Because of the instrument itself or because of the music that was written for it?
Above all, because of the repertoire, as I was interested in this particular stylistic and historical period. I knew that in many countries the hammerklavier was studied as the main discipline and, as I have said, there were few opportunities at home at the time. And I was afforded such an opportunity right at the beginning of my studies in Paris. During a concert of the harpsichordist Zdeňka Ošťádalová at the Czech Centre, I met the hammerklavier player Patrick Cohen, who had been invited to the performance. And that was that. Afterwards, over the half a year I took lessons from Professor Indjic, I was concurrently training on the hammerklavier. I was certain that I wanted to continue to devote to the instrument.

I have read in your CV that you studied for your doctoral degree within a “cotutelle” programme. Could you explain what that is?
It is a very interesting system of doctoral study, entailing joint supervision according to an agreement between universities in two countries. In my case, they were the Sorbonne and Paris Conservatoire, and the Academy of Music and Performing Arts in Brno. I received a scholarship from the French government, on the basis of which I studied half a year in one, half a year in the other country over three years.

What was the subject of your doctoral thesis?
Jan Václav Hugo Voříšek’s music, which represents a sort of transition between Classicism and the period that followed. I deliberately avoid the term “Romanticism”, for it is not precise. Voříšek’s music is very Romantic as regards its content, yet is Classicist when it comes to the idiom.

Your hammerklavier is a rather precious instrument. Do you take it with you to concerts?
Yes, most of the time. I own an instrument of five and a half octaves, it is practical, relatively easy to transport, and it corresponds to the turn of the 18th and 19th centuries. Yet at the present time, suitable instruments are often available at more distant places, so I don’t have to travel to, for instance, Poland and Slovakia, with my hammerklavier. Yet I play a different instrument on the Supraphon album.

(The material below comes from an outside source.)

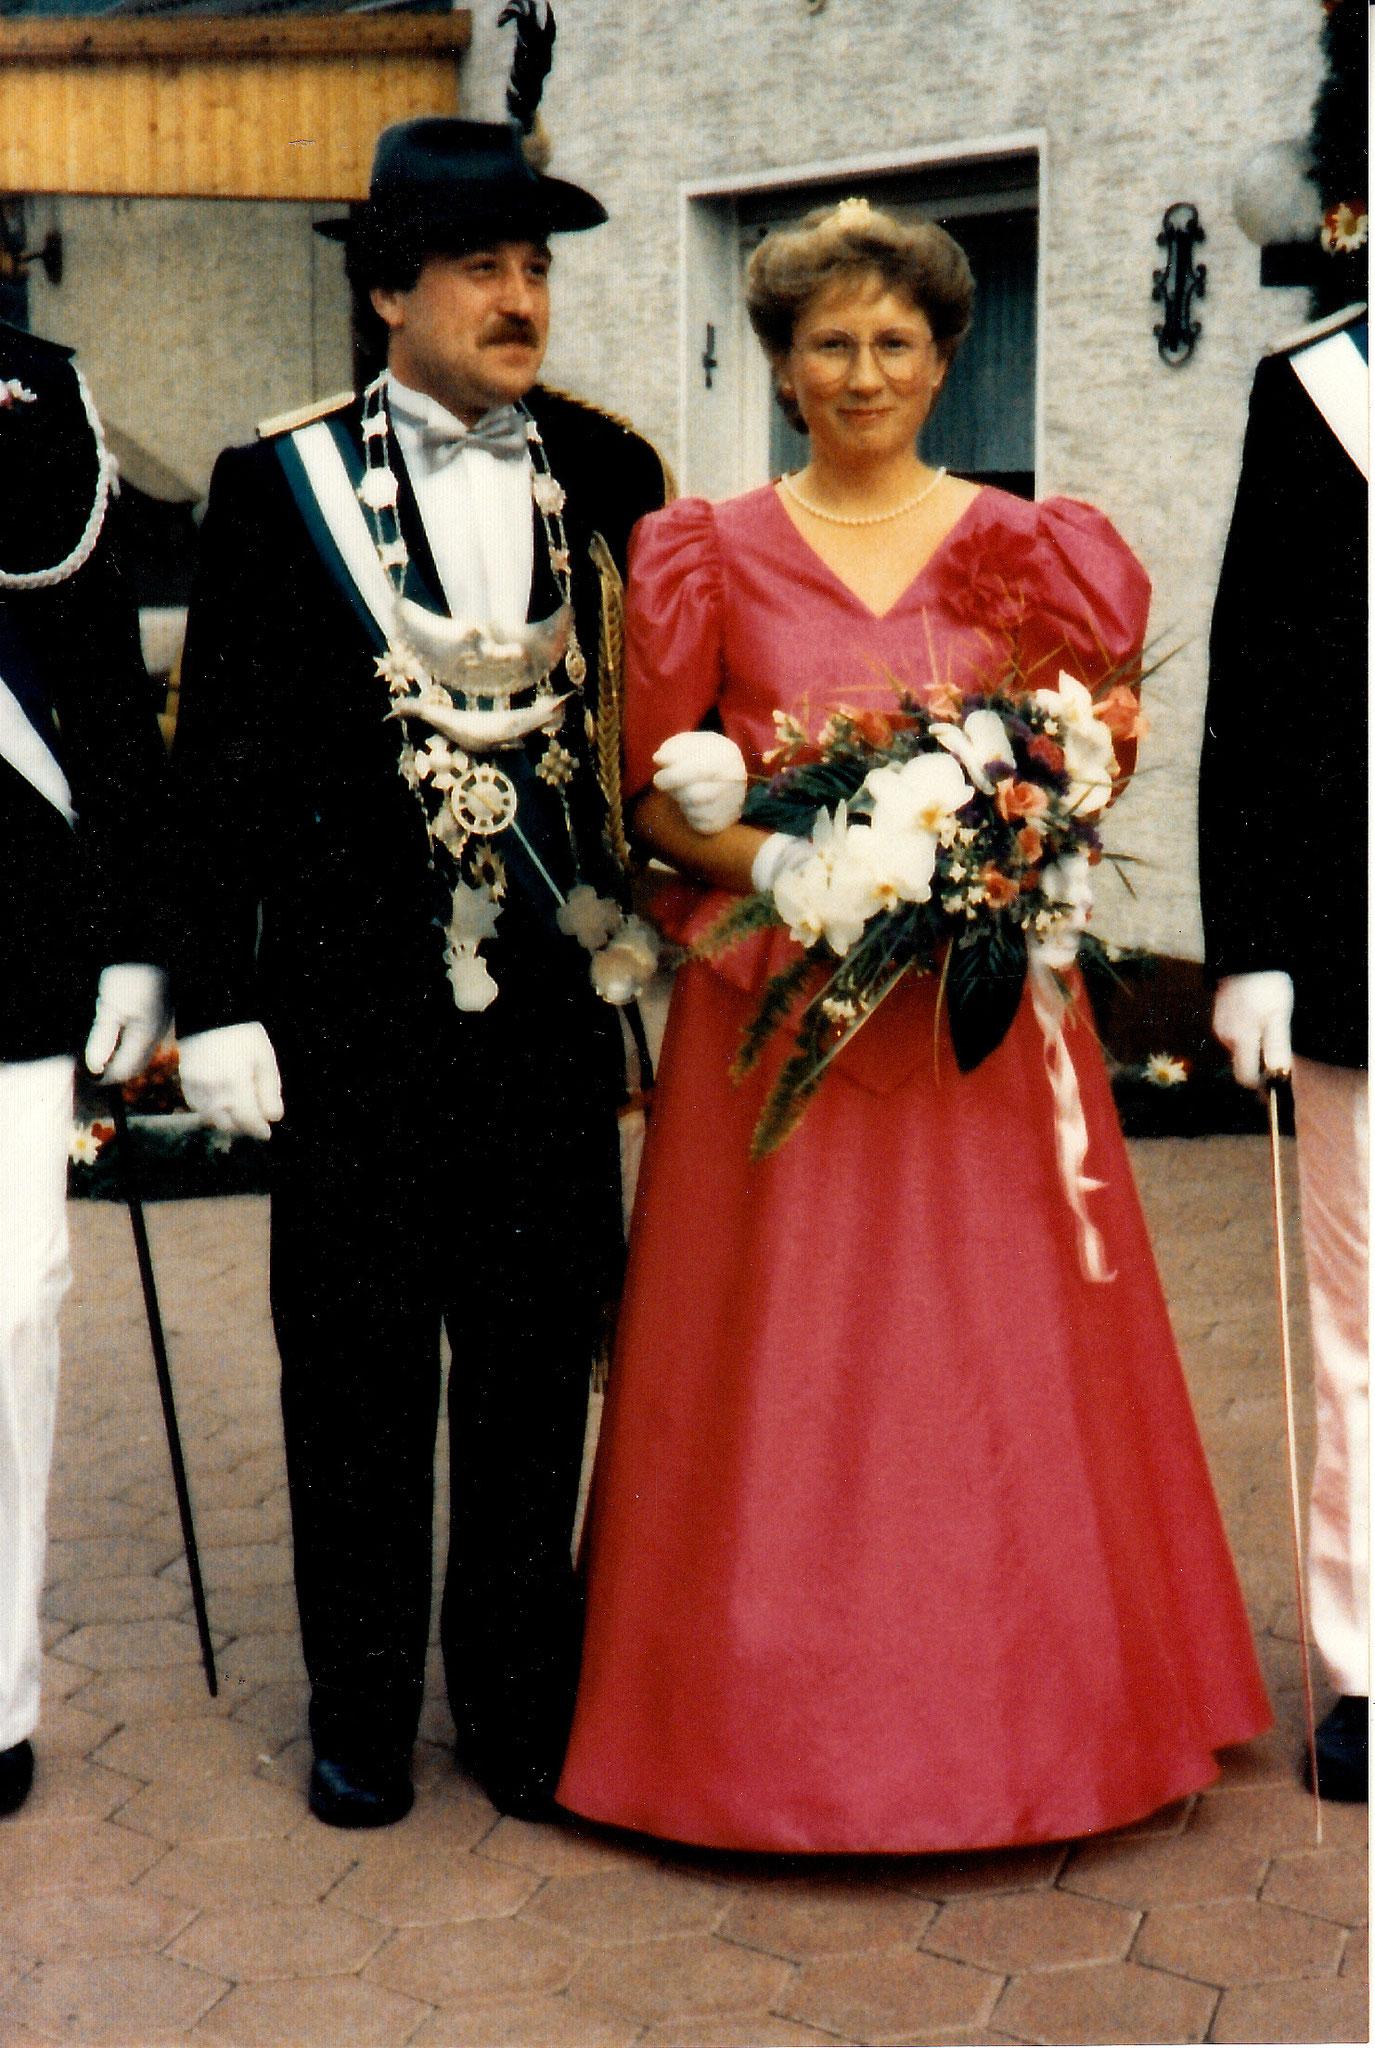 1986 Burkhard Rose & Marilis Sauermann

You are also interested in the effect music has on the prenatal development of babies…
I was inspired by my own experience of motherhood. I performed at several thematic concerts held by the Czech Philharmonic, and later on I went on to give concerts for mothers-to-be through the A Centrum in Prague. Some time ago, the Czech Philharmonic pursued a successful cycle for pregnant women, which proved to be very popular. The programme was guided and presented by the pianist Markéta Vejvodová, who maintains the view that music has a positive effect on the development of the foetus. I myself have experienced it that the baby in the womb is indeed highly sensitive to sounds and noises.

Your CD with Tomášek’s sonatas has been released within Supraphon’s pra­iseworthy and acclaimed Music from Eighteenth-Century Prague series, which over the years has brought to light a number of discoveries. Tomášek’s keyboard pieces are certain to rank among them.
Yes, it is a truly exquisite edition, and I hope it will also fill the temporal gap at the end of the 18th century. The majority of the titles have so far been dedicated to the first half of the 18th century. When it comes to Tomášek, his music may be deemed a watershed, since he wrote his sonatas in the first years of the 19th century, with the bulk of them having been composed in its first half. One of the supporting ideas of my project was the fact that, in terms of their musical idiom, seven of Tomášek’s sonatas rather pertain to the 18th century. I am happy that my album has been included in the Supraphon series. With regard to the edition, I can see plenty of other Classicist chamber works and music for the solo piano.